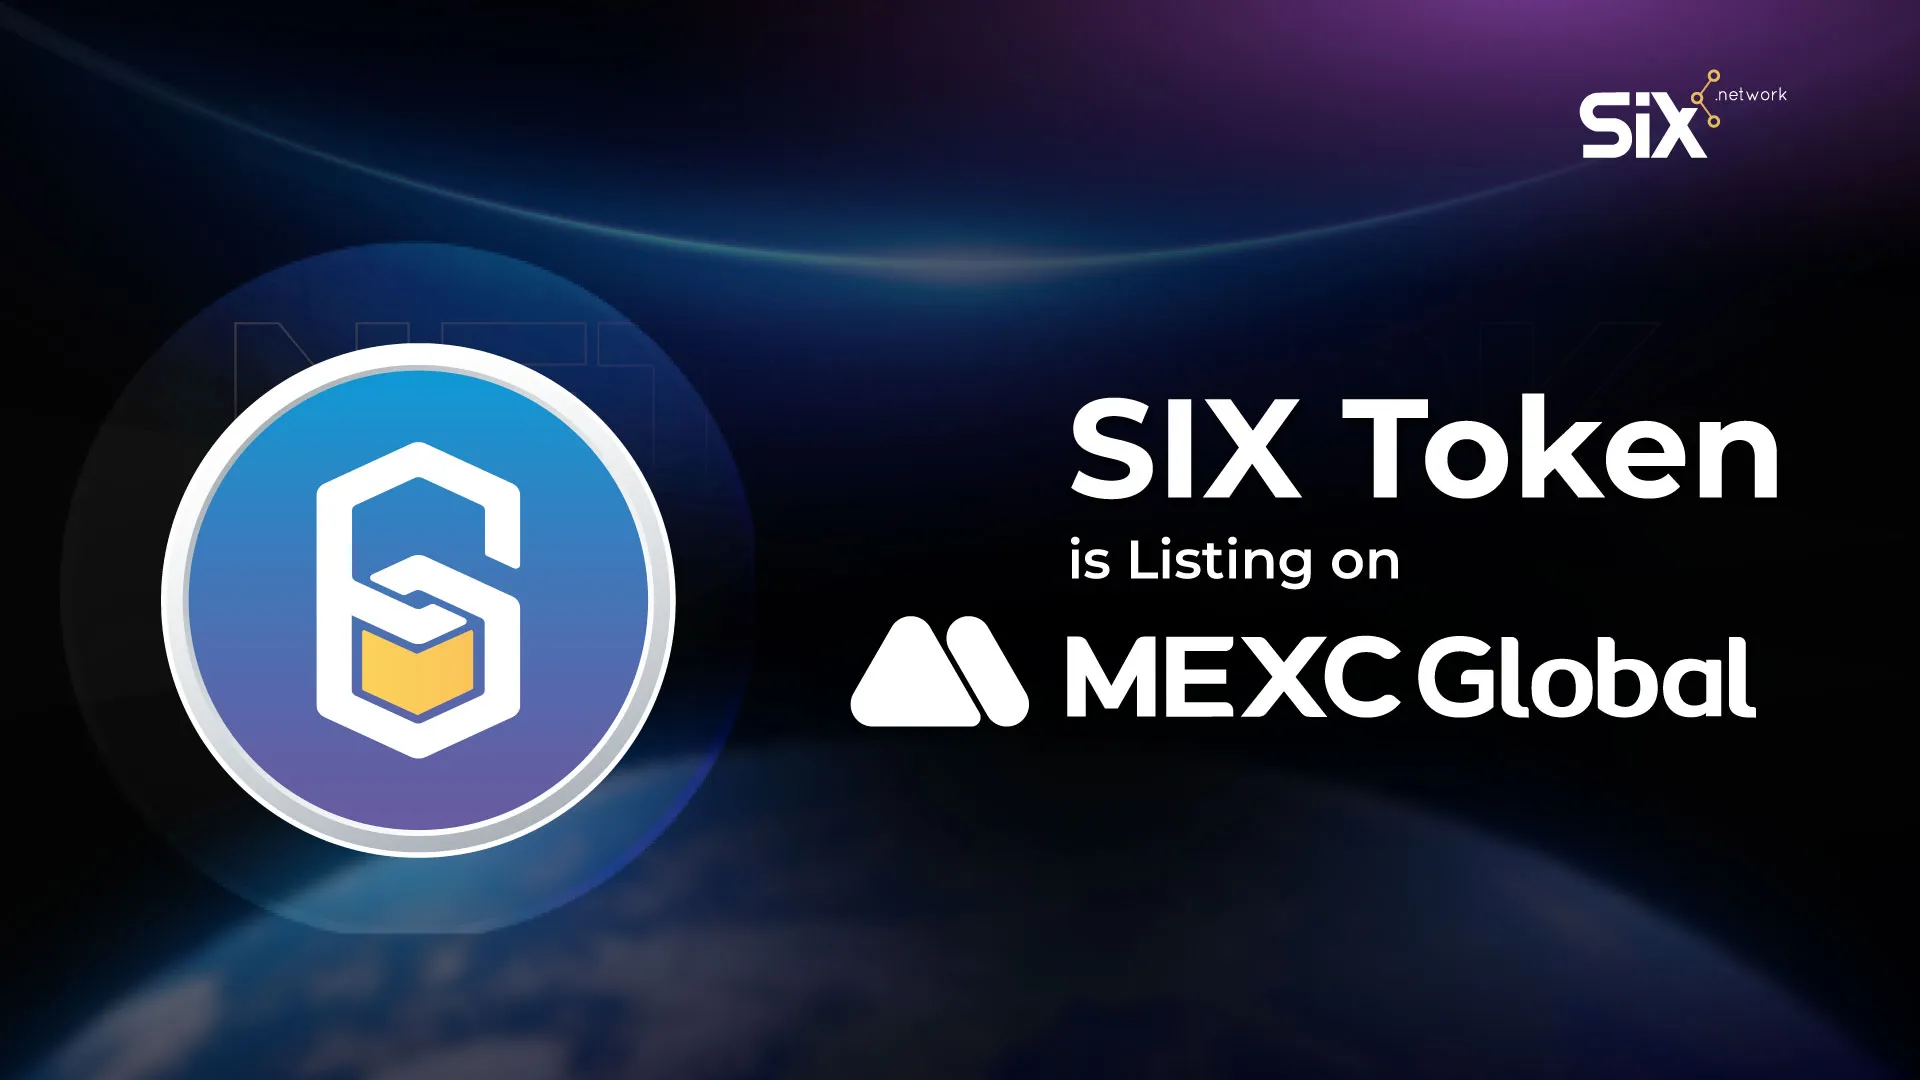 เหรียญ SIX ถูกลิสต์บน MEXC Global แพลตฟอร์มซื้อขายคริปโต Top 20 ของโลก
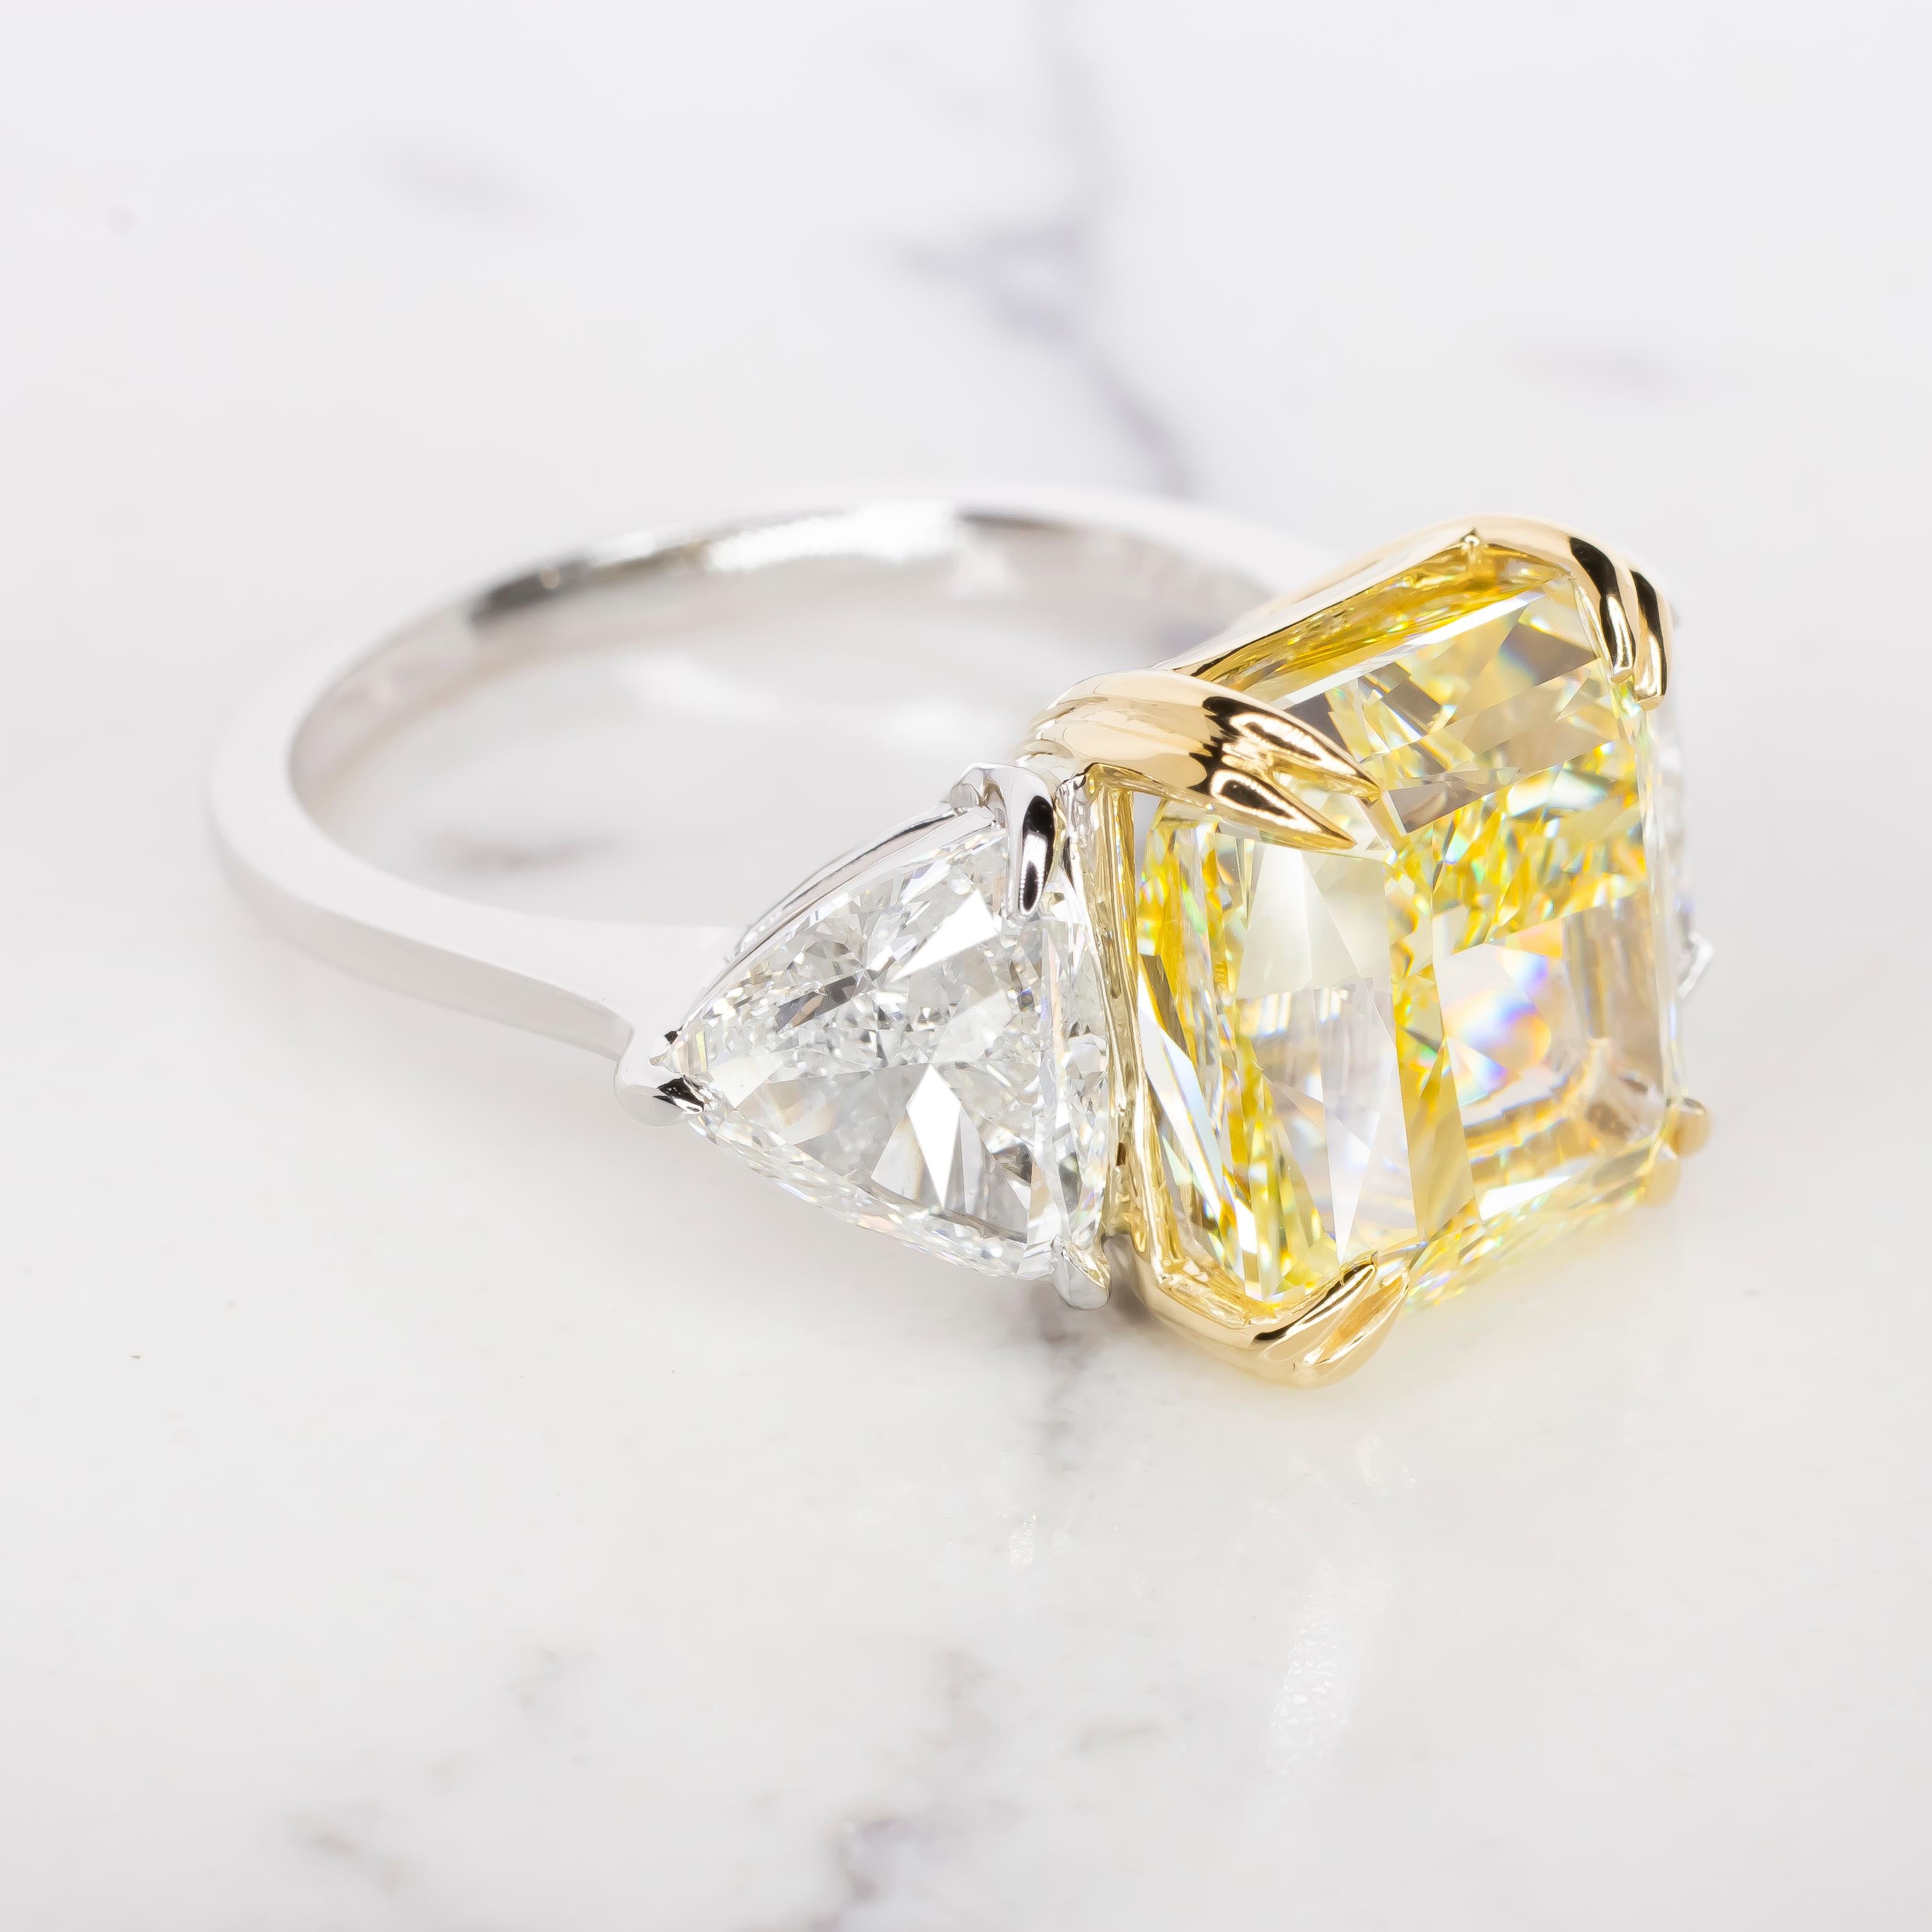 Voici un chef-d'œuvre d'une beauté et d'un prestige inégalés : le 8 carats.  Bague en diamant certifié GIA de couleur jaune fantaisie et de pureté VVS2.

Imaginez une brillance rayonnante qui attire l'attention, émanant de l'exquis diamant taillé en

## TASK ITEM:
Return the data exactly. Do not carry over any images.

## WRITTEN REPLY:
 เหรียญ SIX ถูกลิสต์บน MEXC Global แพลตฟอร์มซื้อขายคริปโต Top 20 ของโลก
 Voici un chef-d'œuvre d'une beauté et d'un prestige inégalés : le 8 carats.  Bague en diamant certifié GIA de couleur jaune fantaisie et de pureté VVS2.

Imaginez une brillance rayonnante qui attire l'attention, émanant de l'exquis diamant taillé en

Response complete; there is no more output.